The research paper titled “Mulberry: Empowering MLLM with o1-like Reasoning and Reflection via Collective Monte Carlo Tree Search” presents a groundbreaking approach in the realm of artificial intelligence by integrating collective learning into tree search methods. The key highlight of the study is the introduction of the Collective Monte Carlo Tree Search (CoMCTS) algorithm, which significantly advances reasoning capabilities in multimodal large language models (MLLMs). By incorporating insights from multiple models, CoMCTS addresses traditional limitations in search effectiveness, enabling the dynamic construction of reasoning paths. This novel methodology is further supported by the creation of the Mulberry-260k dataset, designed to train and test models for explicit reasoning and reflection. The resulting Mulberry models demonstrate remarkable improvements over existing benchmarks, showcasing the power of ensemble learning in AI. The paper’s significance lies in its potential to transform AI problem-solving by promoting step-by-step reasoning akin to human thought processes, thereby setting a new standard for reasoning proficiency. Future research could explore CoMCTS’s applicability beyond MLLMs, investigate adaptive version developments, and assess its performance in diverse environments, potentially impacting areas such as autonomous decision-making and ethical AI applications.

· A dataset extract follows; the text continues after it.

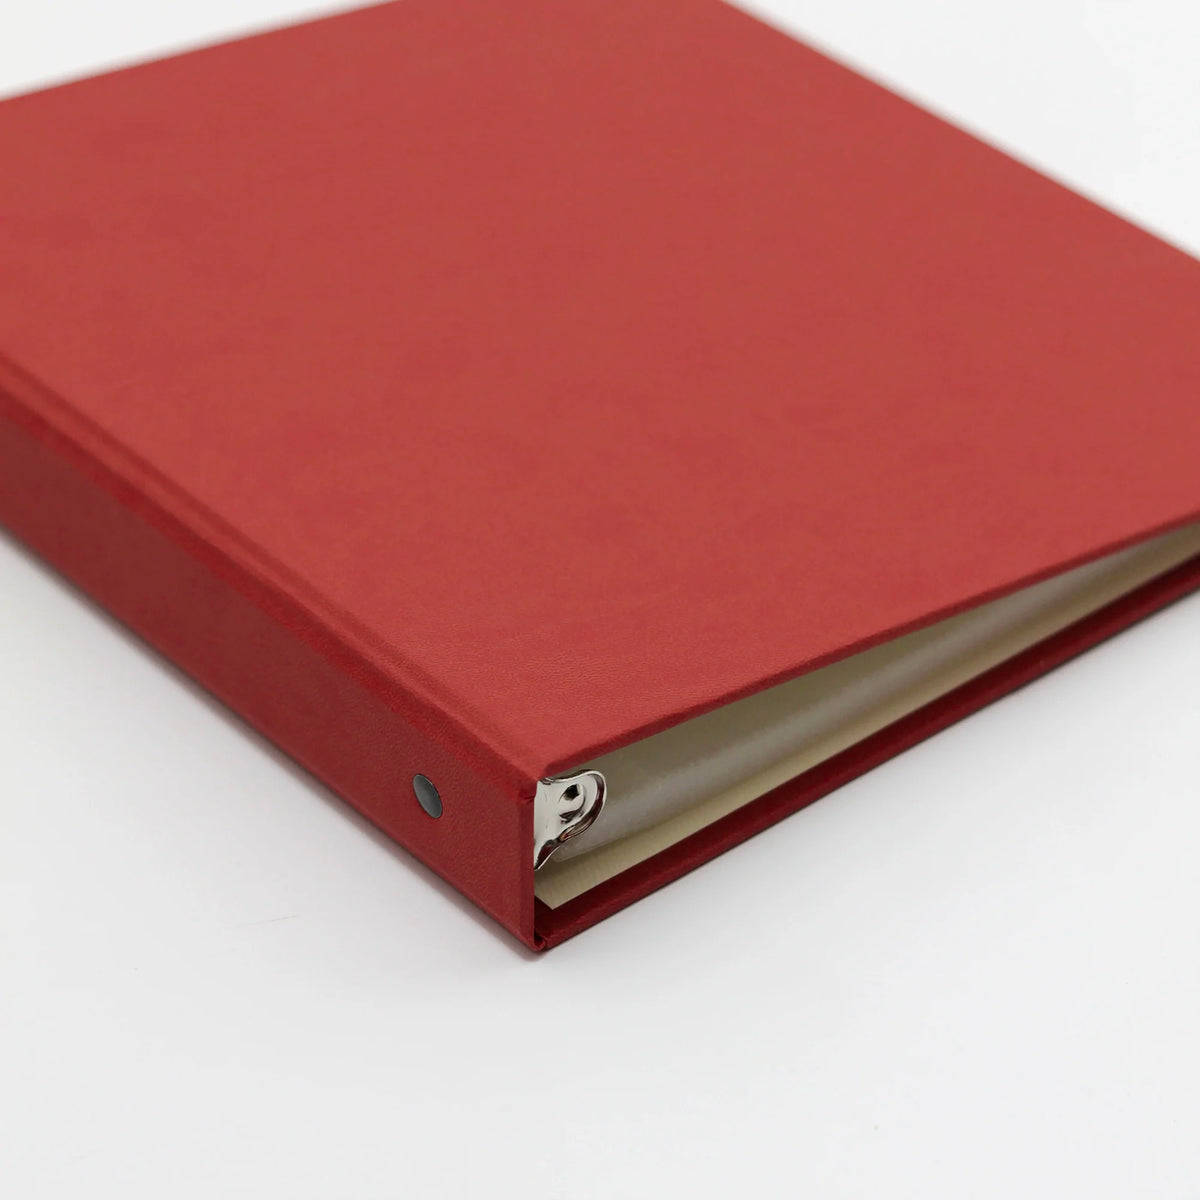 Recipe Journal Embossed with &quot;RECIPES&quot; covered with Red Faux Leather

This work is essential reading for its innovative integration of collective intelligence and its implications for advancing AI model capabilities. The authors are preparing for their code release at https://github.com/HJYao00/Mulberry and this blog post implements a demo of number puzzle solver to illustrate the paper’s concept.

Mind map

Highlights explained

Introduction of Collective Monte Carlo Tree Search (CoMCTS)

Explanation: CoMCTS is an advanced algorithm introduced in the paper to enhance reasoning capabilities in Multimodal Large Language Models (MLLMs). It incorporates collective learning into traditional Monte Carlo Tree Search (MCTS) methods, allowing multiple MLLMs to collaboratively explore and identify effective reasoning paths.

Significance: By leveraging collective knowledge from various models, CoMCTS addresses the limitations of traditional MCTS in terms of search effectiveness and efficiency. It allows for a broader exploration of reasoning spaces, ultimately leading to improved reasoning outcomes.

Relation to Existing Work: CoMCTS builds on the foundational principles of MCTS used in AI research, such as AlphaGo, but extends them by integrating collective intelligence. This approach represents a significant shift towards using ensemble learning strategies to improve reasoning path searches.

Development of Mulberry-260k Dataset

Explanation: Mulberry-260k is a multimodal dataset created using CoMCTS. It contains a rich set of reasoning paths with explicit and well-defined steps for each question, designed to facilitate reasoning and reflection tasks.

Significance: This dataset provides a valuable resource for training and testing MLLMs, enabling them to perform step-by-step reasoning and reflection. It serves as a benchmark for evaluating the reasoning capabilities of AI models.

Impact: Mulberry-260k fills a gap in the availability of datasets tailored for reasoning and reflection tasks, offering a comprehensive collection of multimodal input questions across diverse domains.

Advancement of MLLMs with Step-by-Step Reasoning

Explanation: The paper introduces the Mulberry series of MLLMs, trained using the CoMCTS-searched data. These models exhibit o1-like step-by-step reasoning and reflection capabilities, leading to improved performance on complex tasks.

Significance: Step-by-step reasoning is crucial for tackling complex problems that require multiple intermediate steps. The advancement in MLLMs allows for more detailed and accurate reasoning processes, mimicking human-like cognitive abilities.

Relation to Existing Models: Unlike traditional MLLMs that provide direct predictions, the Mulberry models focus on constructing and learning from detailed reasoning paths, setting a new standard for reasoning proficiency in AI.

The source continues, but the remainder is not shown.